Spider Perry, a transgender, non-binary queer Jew, describes Jumblr as a “perpetual Torah study that is just as likely to go off-topic” that has provided them a loving queer Jewish community both online and offline. A friend they met virtually through Jumblr even served as their witness at Perry’s conversion mikveh immersion. 

“[Through Jumblr,] I’ve gotten access to a much wider and much queerer set of opinions than I get from my local synagogue,” Perry said. “Also, because I know we are not uncommon — that queer and trans Jewish folx are not an anomaly but a regular part of the community — it’s given me the courage to ask for my synagogue to be more actively inclusive. It has also led me to queer Jewish events in real life.”

Perry emphasized the importance of accessibility to queer Jewish spaces that Jumblr provides.

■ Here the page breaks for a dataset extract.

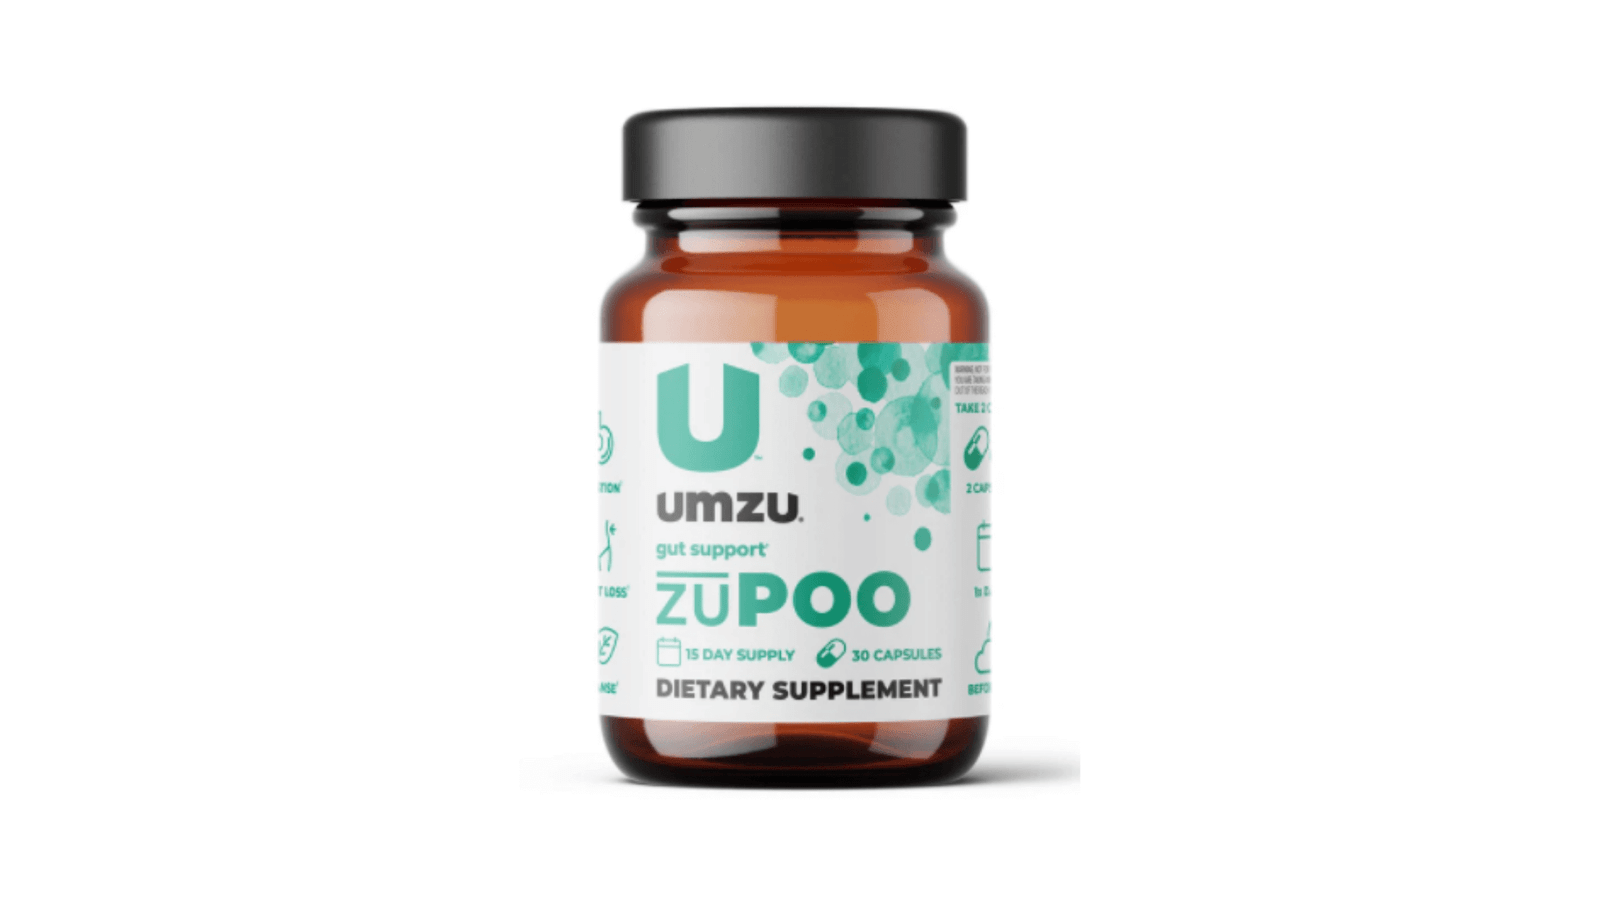 UMZU zuPOO Reviews

“Having realized how many trans and queer Jews there are in the world, I feel much, much less alone. And because of my experiences on Jumblr, I’ve taken my rabbi’s ‘Have you ever considered becoming a rabbi?’ much more seriously,” Perry said. “I don’t know if I would have done that if I didn’t know how many queer Jews there are out there, disconnected from synagogue life, because no one like them is in synagogue leadership near them.”

While many have found friendship and community, many bloggers have also experienced anti-Semitism, cyberbullying, and abuse on the platform. Tumblr users can anonymously send each other messages, and Nazis regularly abuse this feature to harass Jewish bloggers through hateful messages, threats of doxxing, and by sending graphic pictures of bodies of Jews murdered in the Holocaust.

Unlike other social media sites, Tumblr’s community guidelines explicitly forbid hate speech while encouraging users to report content that violates these standards. However, the site has been criticized for not adequately purging its platform of content created by Nazis, white supremacists, and other alt-right users.

Jumblr bloggers don’t only endure abuse from neo-Nazis — sometimes, Jews send anonymous asks or create fake blogs to harass other Jews.

“Anonymity is a hell of a drug,” Perry said. “I know multiple converts who have been doxxed or had their rabbis contacted to try to stop them from converting. 

“Jumblr takes some of the worst parts of the Jewish community and amplifies them just the same as it amplifies the best parts of the Jewish community,” Perry continued. “Despite all of the negative aspects of Jumblr, and there are several, I wouldn’t trade it for anything.”